A prototype generic-CAME tool for the generic model has been implemented by a group of students. A more robust implementation is currently ongoing. This generic-CAME tool shall provide an integrated environment for meta-model and method engineering. We intend to use it to do engineering of (a) meta-models like GOPRR (b) methods for real businesses as well as (c) applications in artificial intelligence like playing games with blocks.

Our work with the generic model has so far been centred around ‘hard’ methods. We have been concerned with the technical issue of building products and have not considered ‘soft’ methods.

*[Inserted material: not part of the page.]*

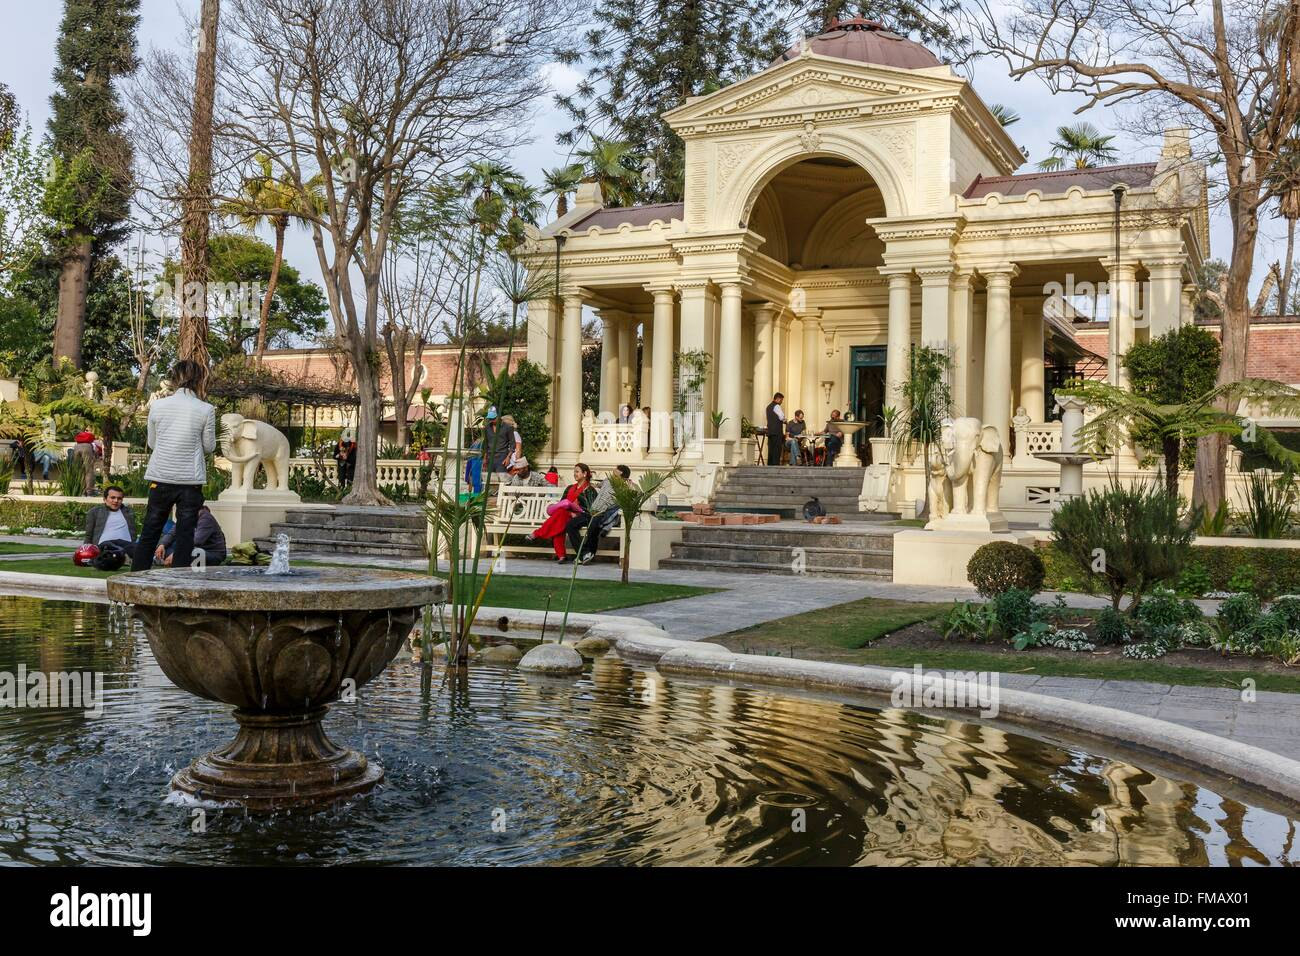 Nepal, Bagmati zone, Kathmandu, Thamel, Dreams garden and Kaiser cafe - Stock Image

To our knowledge, the only other work that uses the term ‘generic model’ in the context of methods is [26]. It develops an assembly of ways of doing situational method engineering and a selection from this assembly is to be made. Genericity exists in the sense that the collection of methods forming the assembly can all be used to carry out the same common intention, that of doing situational method engineering. Thus, the intention of the assembly is shared by or is typical of a whole group of methods. This meets the criterion for it to be generic.

It is to be seen that our generic model is not an assembly of methods. It is a system of concepts and inter-relationships, it is a model. It is not possible to select a method in our case. Rather meta-models and methods can be engineered from it. In the assembly approach, the method has already been engineered and is available, as part of the assembly, for selection.